Неожиданно прогремел взрыв гранаты. Как выяснилось позднее, обстановка сложилась так, что первым вынужден был начать Тишин. Причина была самая банальная, – его засекли духи.

От неожиданности Чумаков дернул автомат, и едва не выпалив в белый свет, торопливо прицелился и выстрелил. Это и послужило сигналом для открытия огня всем бойцам. Он видел, как одна фигура, вскинув руками, грохнулась на землю, нелепо задирая ноги, и почти сразу, многократно усиленные эхом, загрохотали автоматные очереди. Сквозь короткую паузу прорвался дикий надрывный крик, затем опять взрыв, и крик потонул в новых очередях.

Чумаков вскочил и устремился туда, где только что гремели взрывы. Он бежал по ложбине вместе с двумя бойцами. Выскочив перед грядой валунов, они натолкнулись на застывшие спины старшины Тишина и ефрейтора Тягунова. Те уже не стреляли.

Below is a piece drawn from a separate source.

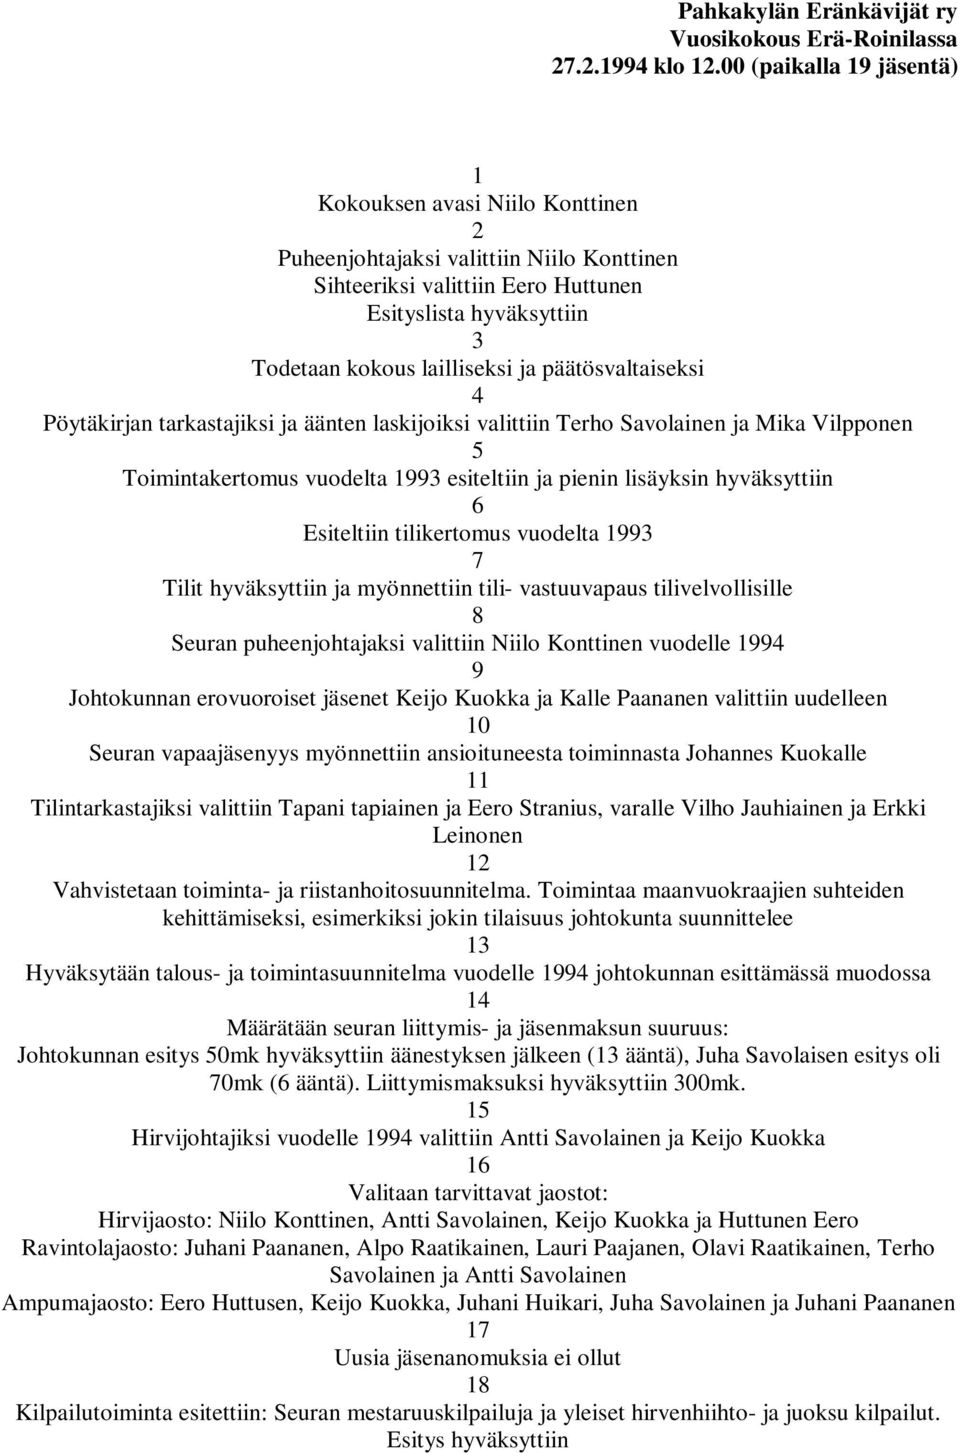 päätösvaltaiseksi 4 Pöytäkirjan tarkastajiksi ja äänten laskijoiksi valittiin Terho Savolainen ja Mika Vilpponen 5 Toimintakertomus vuodelta 1993 esiteltiin ja pienin lisäyksin hyväksyttiin 6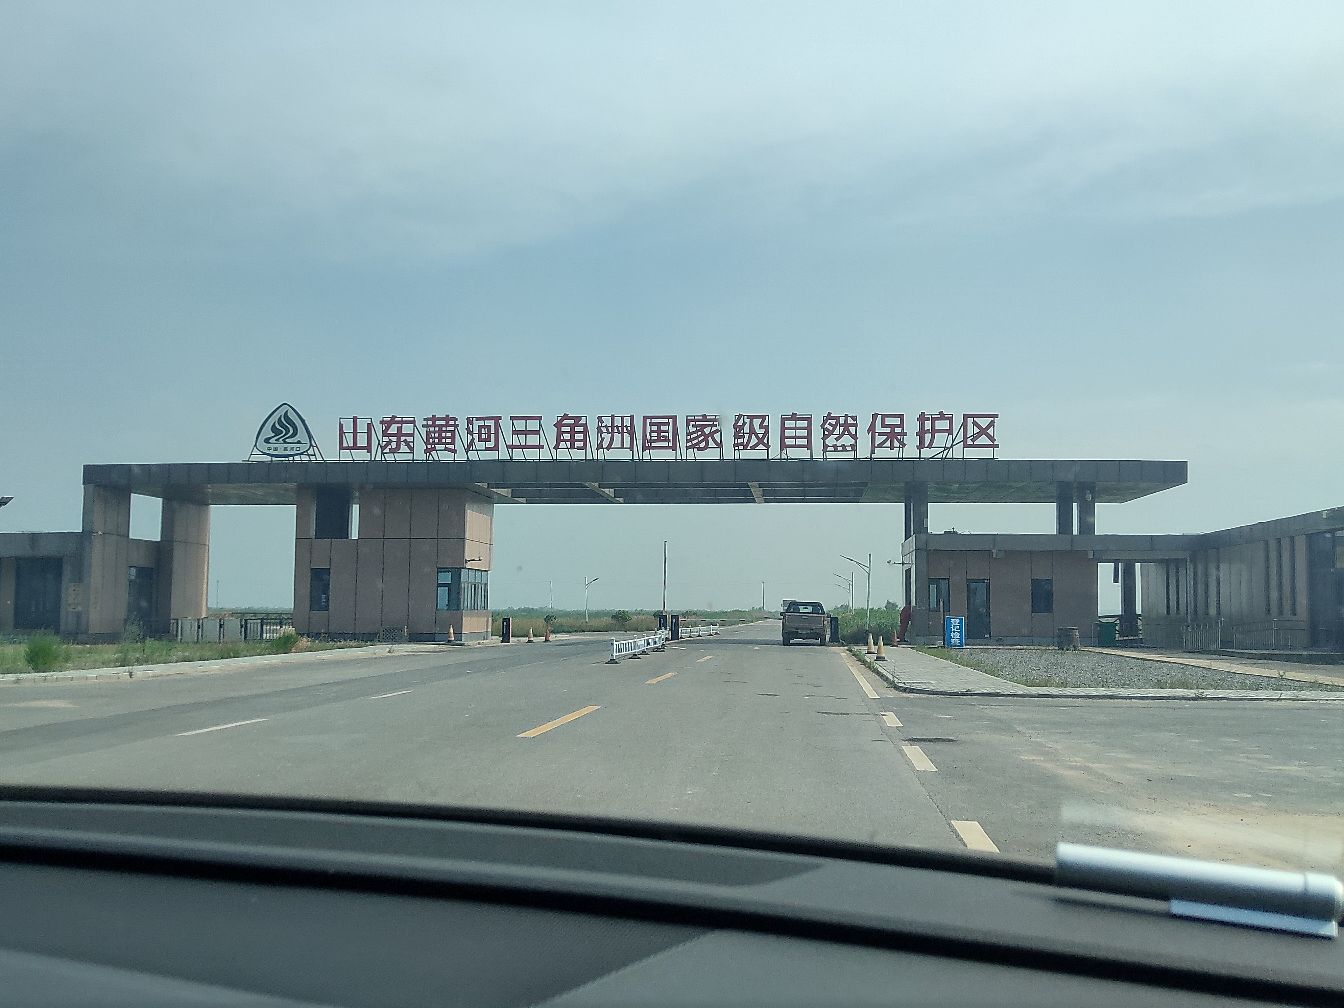 北京出发山东自驾行
第一站。东营黄河入口

– Ну как? – с трудом переводя дыхание спросил он, когда Тишин с Тягуновым обернулись.

– Нормально, – ответил Тишин, и не без самодовольства добавил: – Только перья летели.

Понятно, – кивнул Чумаков, – значит так и доложим ротному.

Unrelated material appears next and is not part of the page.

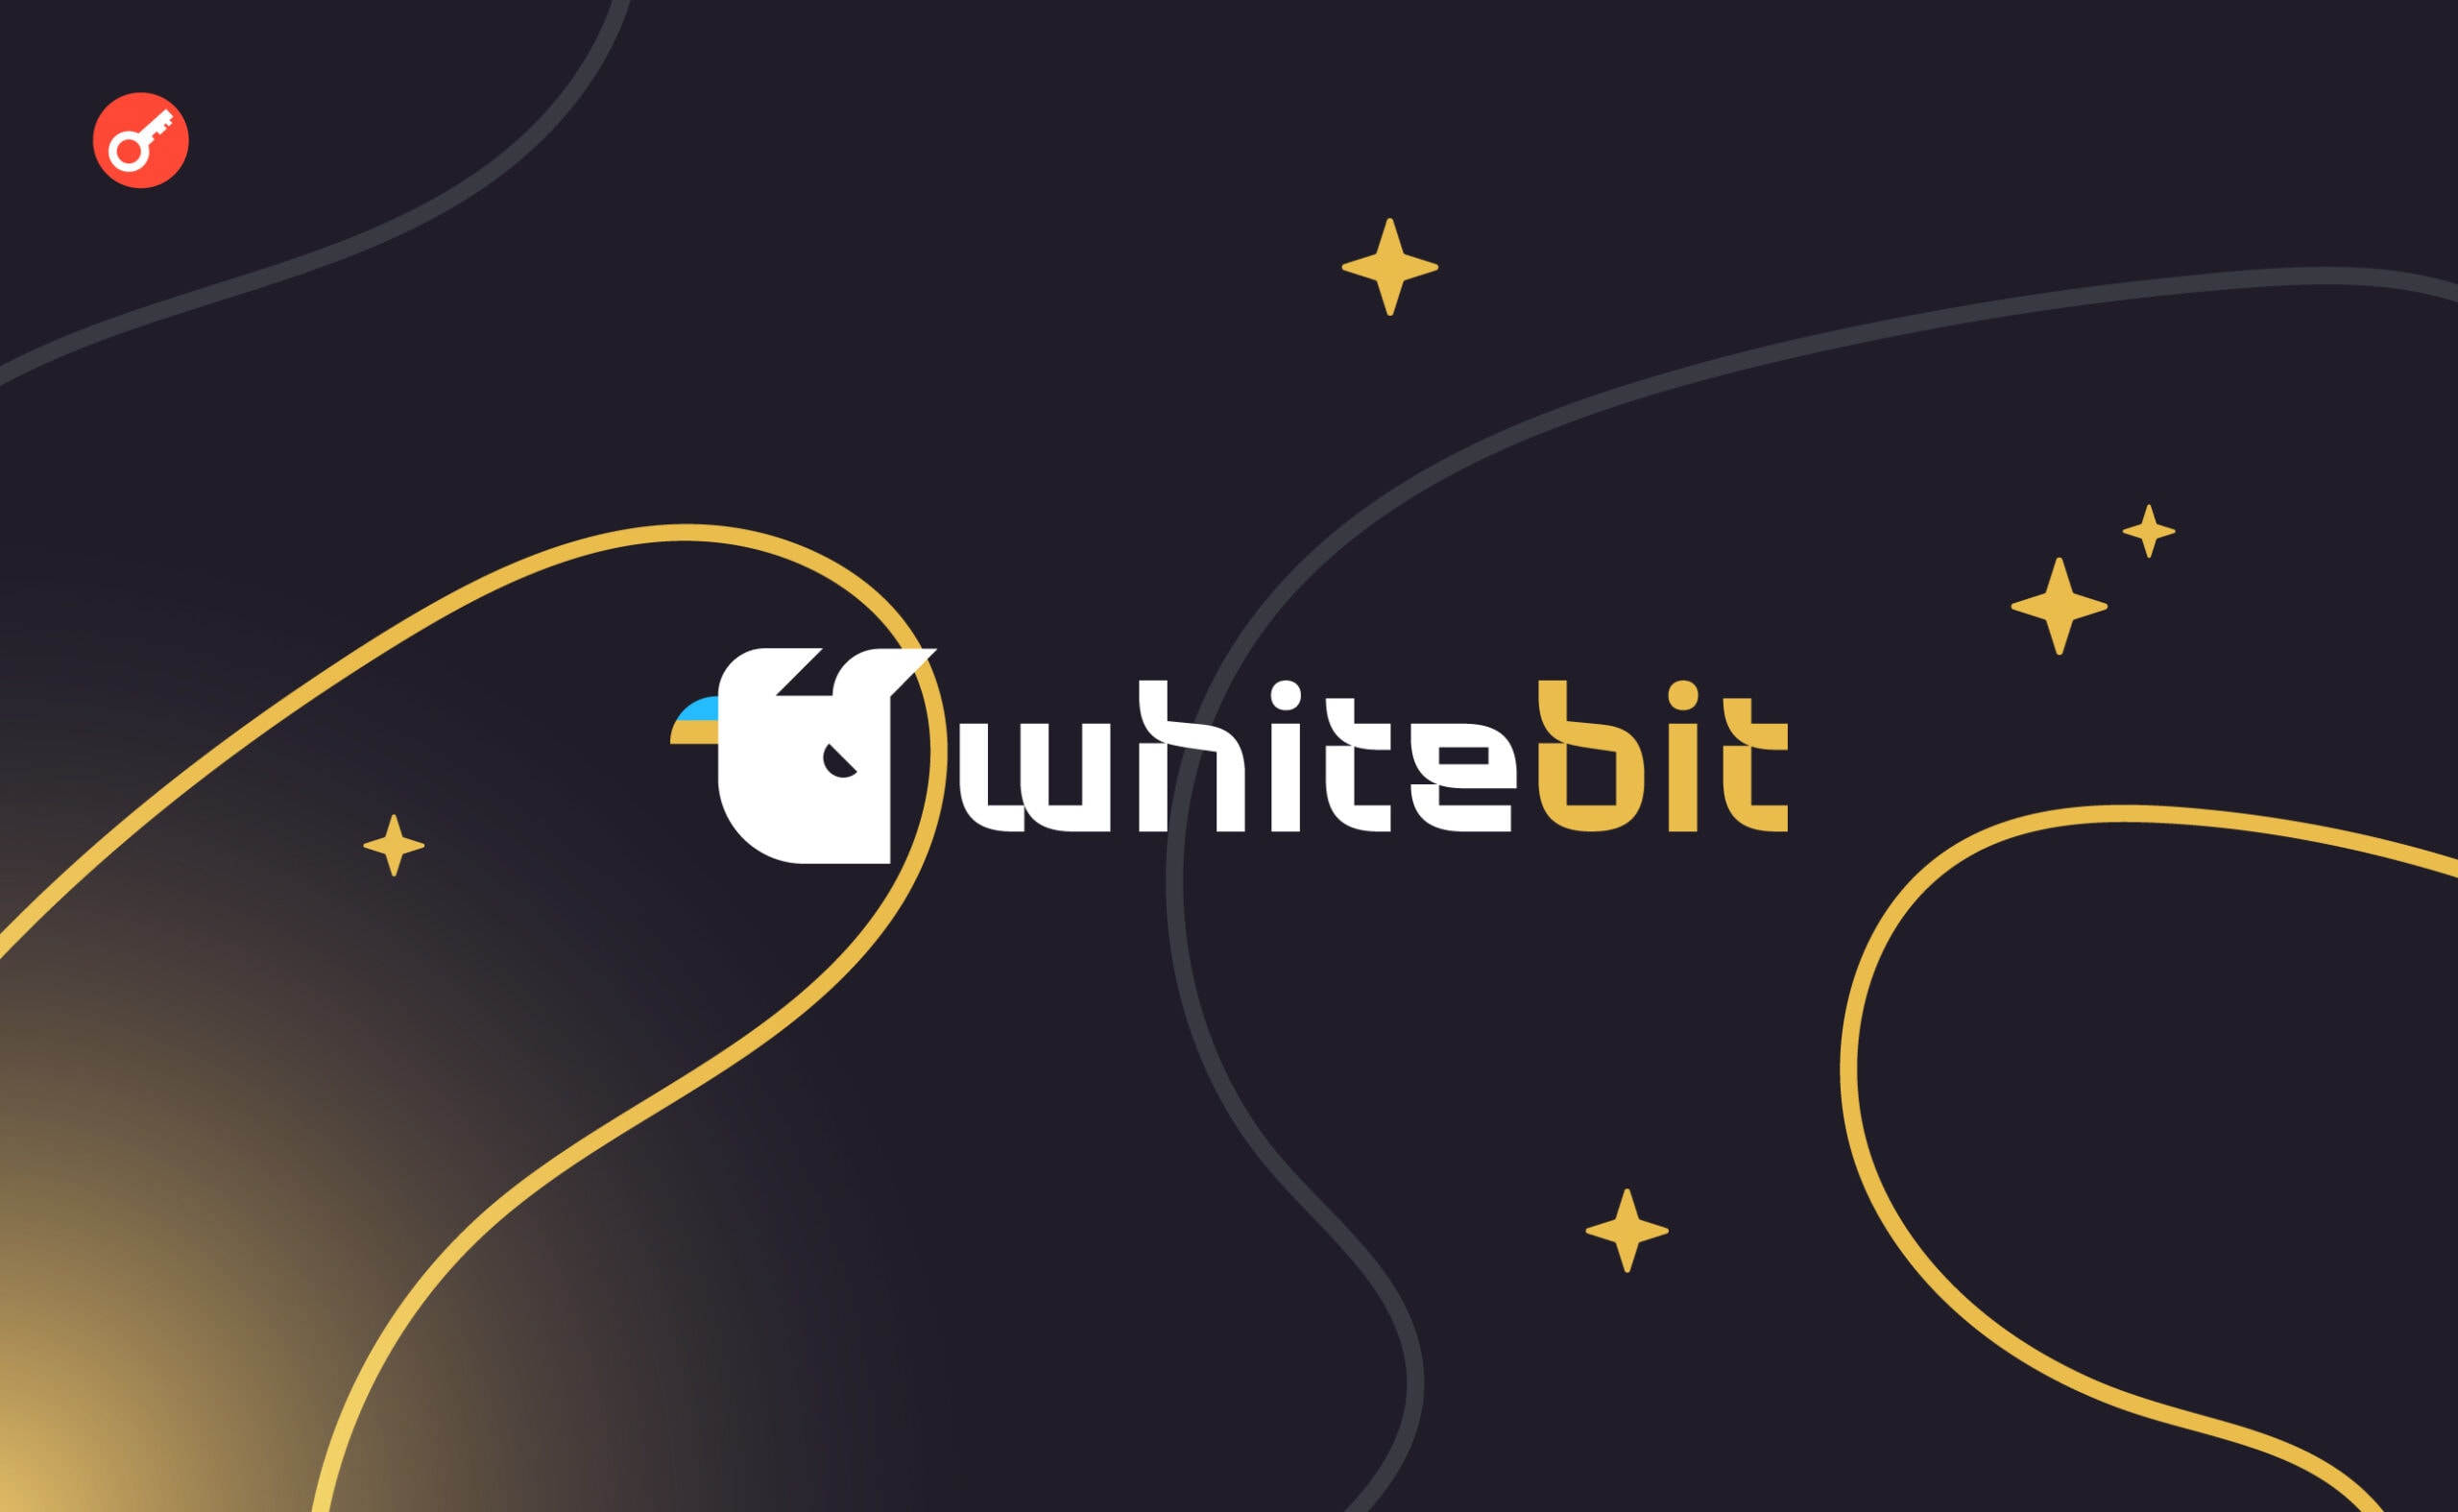 WhiteBIT запустила 7 нових пар для торгівлі ф’ючерсами. Головний колаж новини.

– Тягунчик, – посмотрел он на ефрейтора Тягунова, за спиной которого торчала рация, – готовь связь, но сначала пойдем все проверим.

Держа автомат на изготовку Чумаков оглядел место только что отгремевшего боя. Рядом с безоткатным орудием и пулеметом лежали разноцветно одетые тела. Чуть в стороне, рядом с осликом, задрав к небу седую бороду, лежало тело старика в белой чалме. Ослик, на котором и доставили сюда базуку и снаряды к ней, невозмутимо стоял и помахивал хвостиком.

Тягунов, подошел к старику, постоял над ним пару минут, вздохнул, и настороженно выставив автомат, зашагал в сторону скалы.

Разжалованный сержант Мосиенко, подошел к безоткатке, потрогал ногой одного из убитых моджахедов, присел на корточки и что-то рассматривал. Затем, неразборчиво что-то пробормотал, поднялся и направился к ослику.

Не успел Чумаков сделать и шага в сторону Тягунова, настраивающего радиостанцию, как вдруг по ушам резко ударил выстрел. Обернувшись увидел, как Мосиенко, уронив автомат, медленно оседая на землю, одной рукой хватался за воздух, а другой за шею. Чумаков бросился к нему. Добивший стрелявшего моджахеда Тишин, подбежал следом.

– Эх, Ваня, Ваня, – вздохнул Чумаков, осмотрев Мосиенко. – Напоролся все-таки.

Они уже приближались к выходу из ущелья. Цепочку бойцов замыкал рядовой Мохов. Он вел на поводу трофейного ослика с притороченным к нему раненным Мосиенко. Внезапно обрушившийся откуда-то сверху грохот автоматных и пулеметных очередей, разрывов мин, заставил всех оцепенеть. В вакханалии этого грохота, свиста осколков, и снова поднявшейся пыли, казалось, померкло, стало серым и бесцветным, совсем недавно очистившееся от пыльной бури небо.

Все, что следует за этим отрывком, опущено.